Assignment
From the first line to the last, output the data exactly as it stands, minus its pictures.

Given information
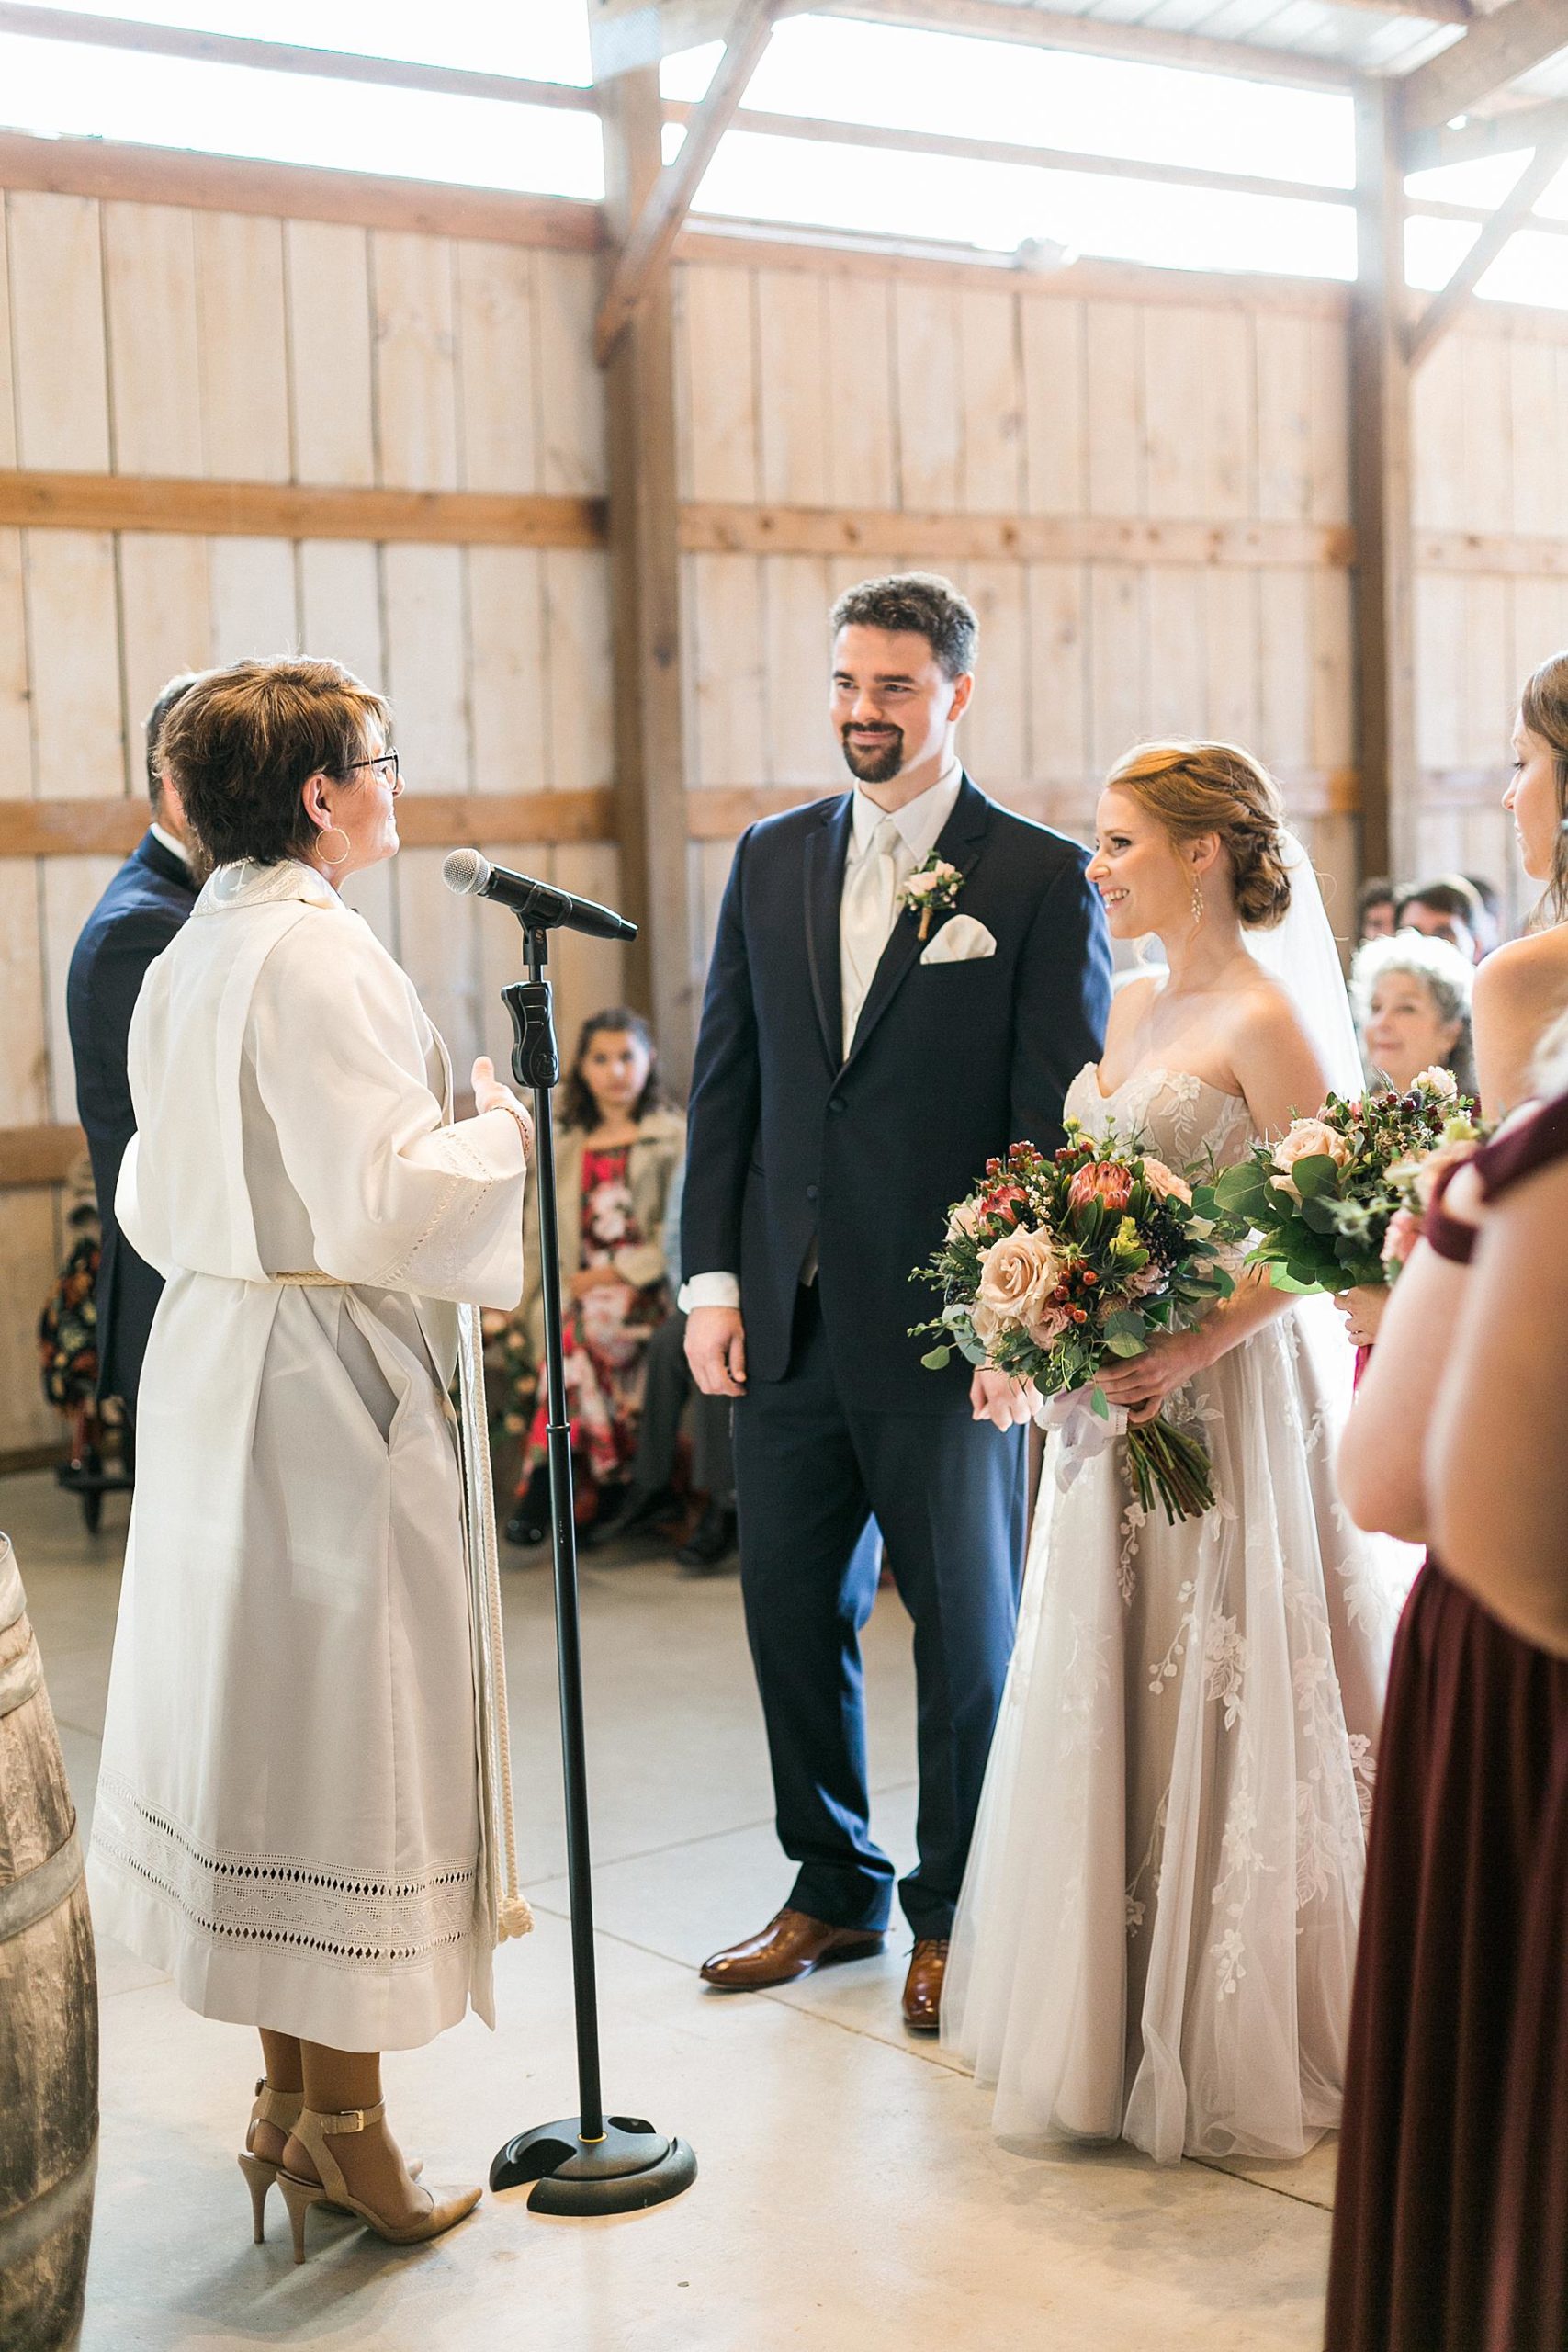 indoor barn wedding ceremony at lilac acres in milwaukee, wisconsin
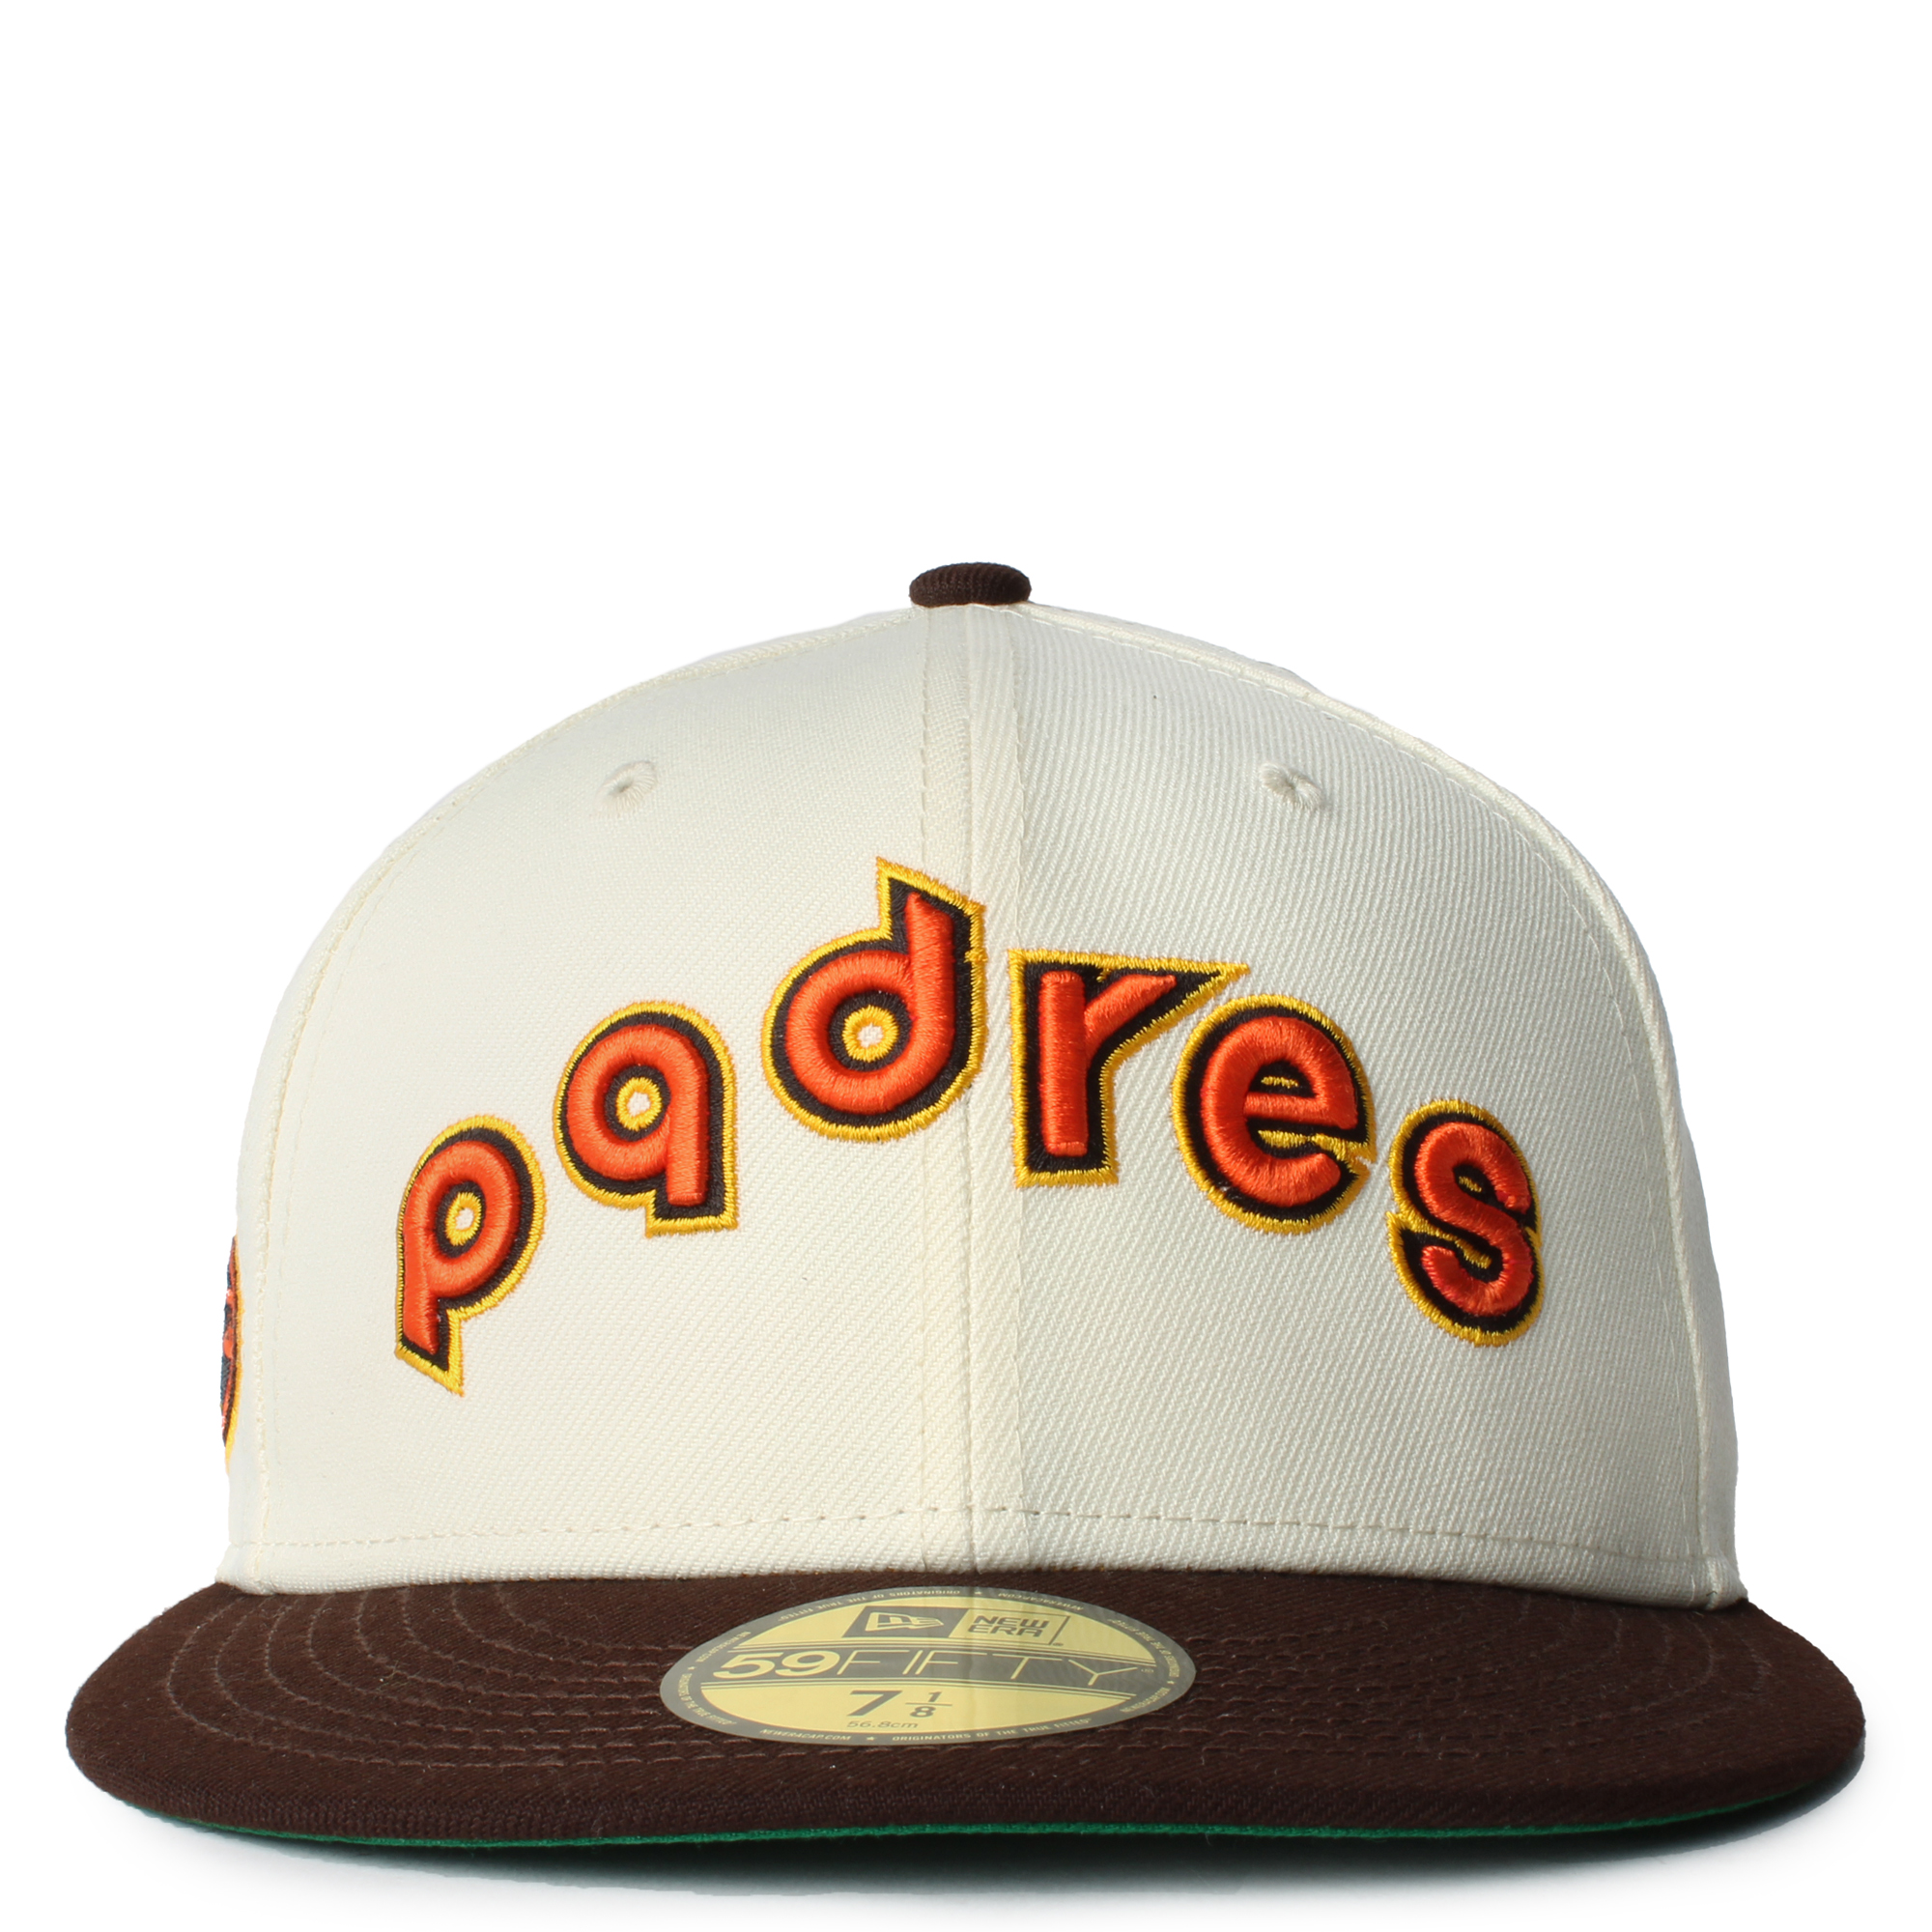 New Era San Diego Padres Trucker Hat
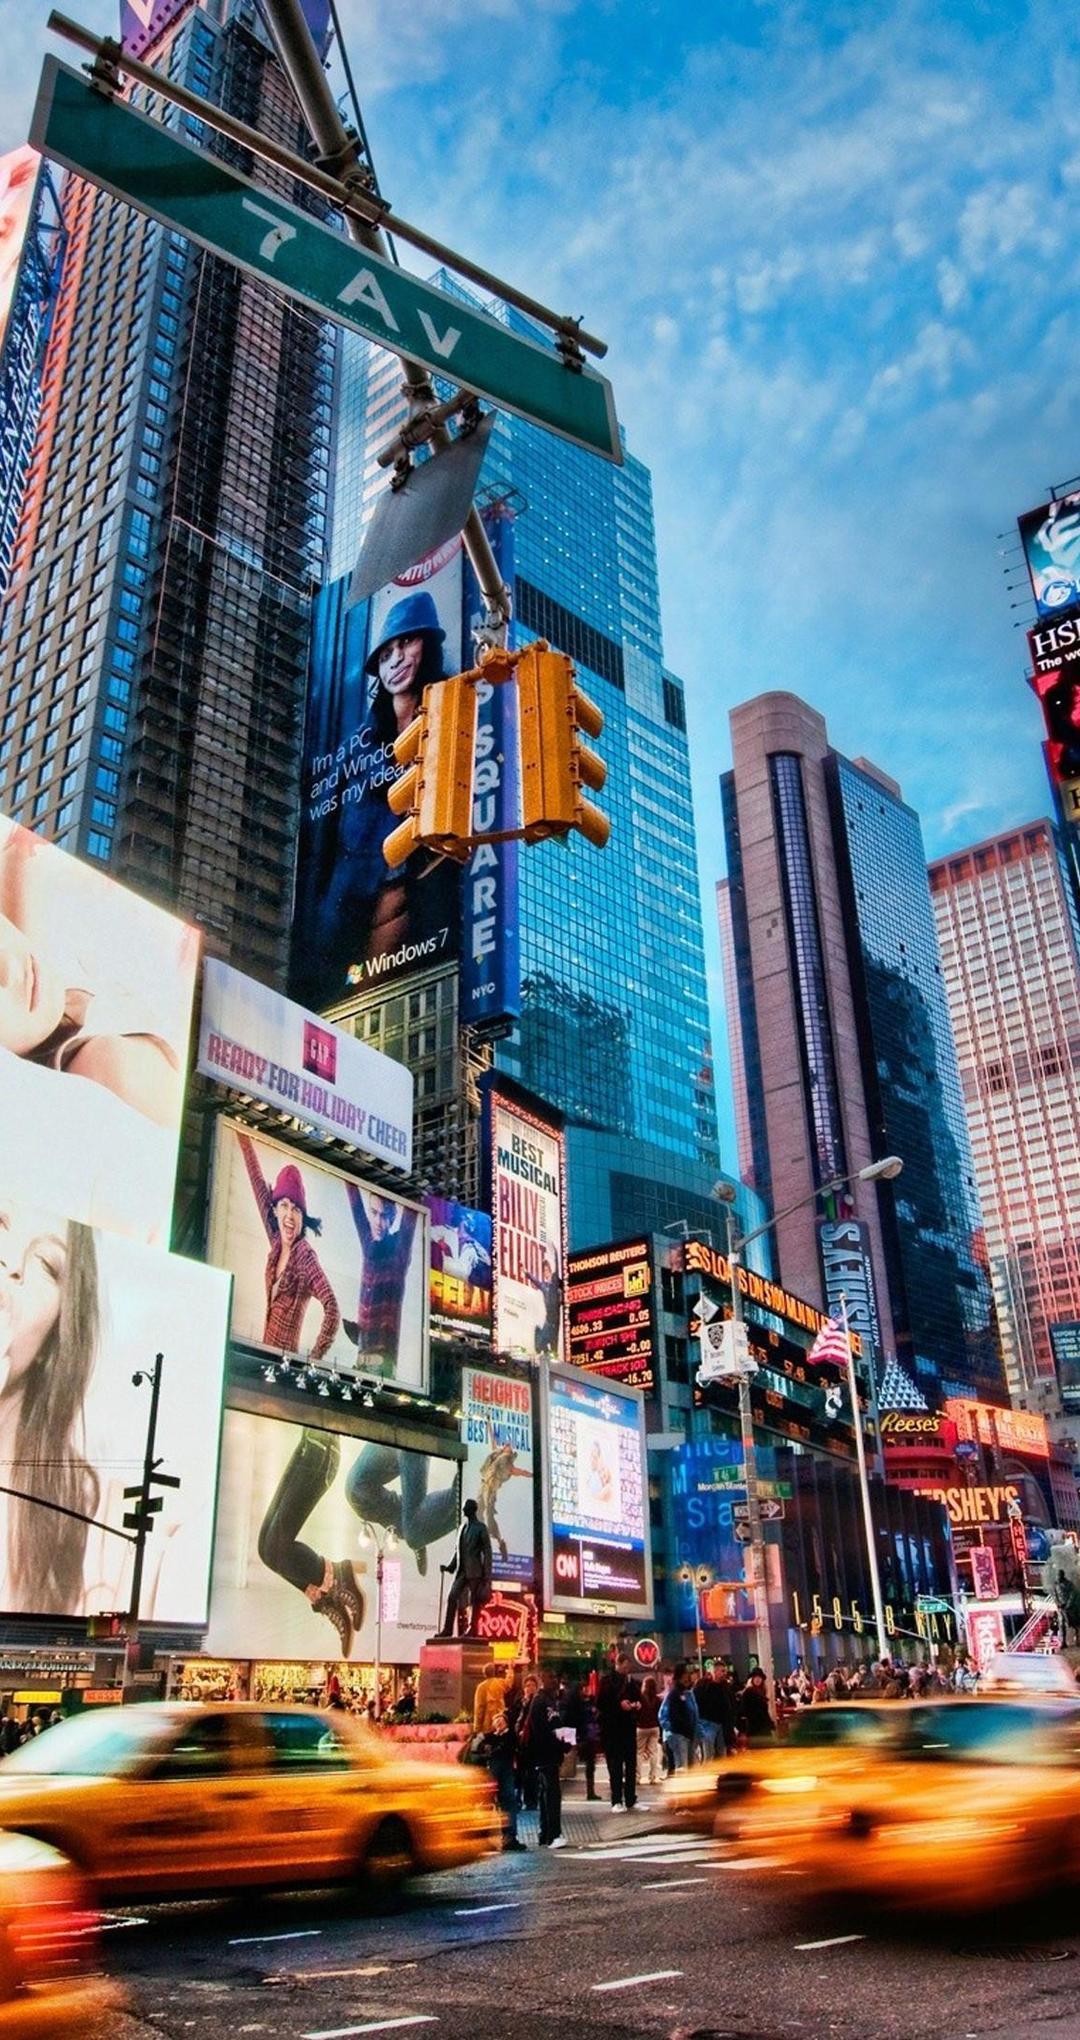 Times Square NYC 4K UltraHD Wallpaper. Wallpaper Studio 10. Tens

Answer box
 indoor barn wedding ceremony at lilac acres in milwaukee, wisconsin
 New Era San Diego Padres Trucker Hat
 Times Square NYC 4K UltraHD Wallpaper. Wallpaper Studio 10. Tens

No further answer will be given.